Commanders and leaders
- George Washington; Artemas Ward; Henry Knox;: Thomas Gage; William Howe; Henry Clinton; Samuel Graves;

Strength
- 7,700–16,000: 4,000–11,000

Casualties and losses
- 593: 1,505

= Boston campaign =

Opening campaign of the American Revolutionary War

The Boston campaign was the opening campaign of the American Revolutionary War, taking place primarily in the Province of Massachusetts Bay. The campaign began with the Battles of Lexington and Concord on April 19, 1775, in which the local colonial militias interdicted a British government attempt to seize military stores and leaders in Concord, Massachusetts. The entire British expedition suffered significant casualties during a running battle back to Charlestown against an ever-growing number of militia.

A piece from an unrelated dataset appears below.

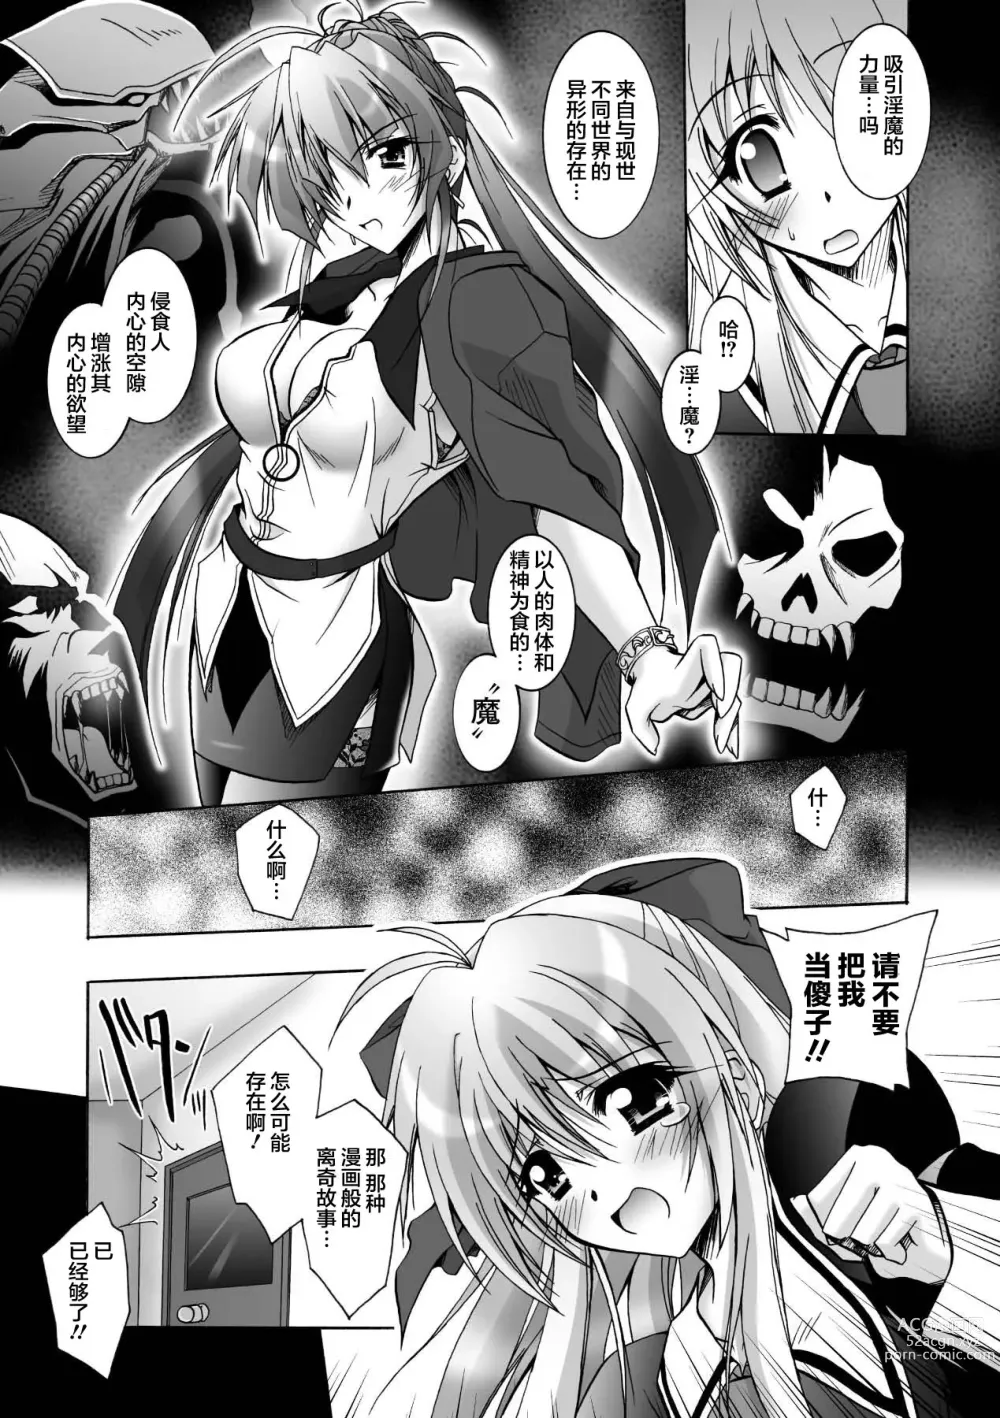 Page 7 of manga Matantei Toudou Shizuka no Inyou Jikenbo

Subsequently, accumulated militia forces surrounded the city of Boston, beginning the siege of Boston. The main action during the siege, the Battle of Bunker Hill on June 17, 1775, was one of the bloodiest encounters of the war, and resulted in a Pyrrhic British victory. There were also numerous skirmishes near Boston and the coastal areas of Boston, resulting in loss of life, military supplies, or both.

In July 1775, George Washington took command of the assembled militia and transformed them into a more coherent army. On March 4, 1776, the colonial army fortified Dorchester Heights with cannon capable of reaching Boston and British ships in the harbor. The siege (and the campaign) ended on March 17, 1776, with the permanent withdrawal of British forces from Boston. To this day, Boston celebrates March 17 as Evacuation Day.

== Background ==
In 1767–68, the British Parliament passed the Townshend Acts, which imposed import duties on paper, glass, paint, and other common items imported into the American colonies. The Sons of Liberty and other Patriot organizations responded with a variety of protest actions. They organized boycotts of the goods subject to the duty, and they harassed and threatened the customs personnel who collected the duties, many of whom were either corrupt or related to Provincial leaders. Francis Bernard, then Governor of the Province of Massachusetts Bay, requested military forces to protect the King's personnel. In October 1768, British troops arrived in the city of Boston and occupied the city. Tensions led to the Boston Massacre on March 5, 1770, and the Boston Tea Party on December 16, 1773.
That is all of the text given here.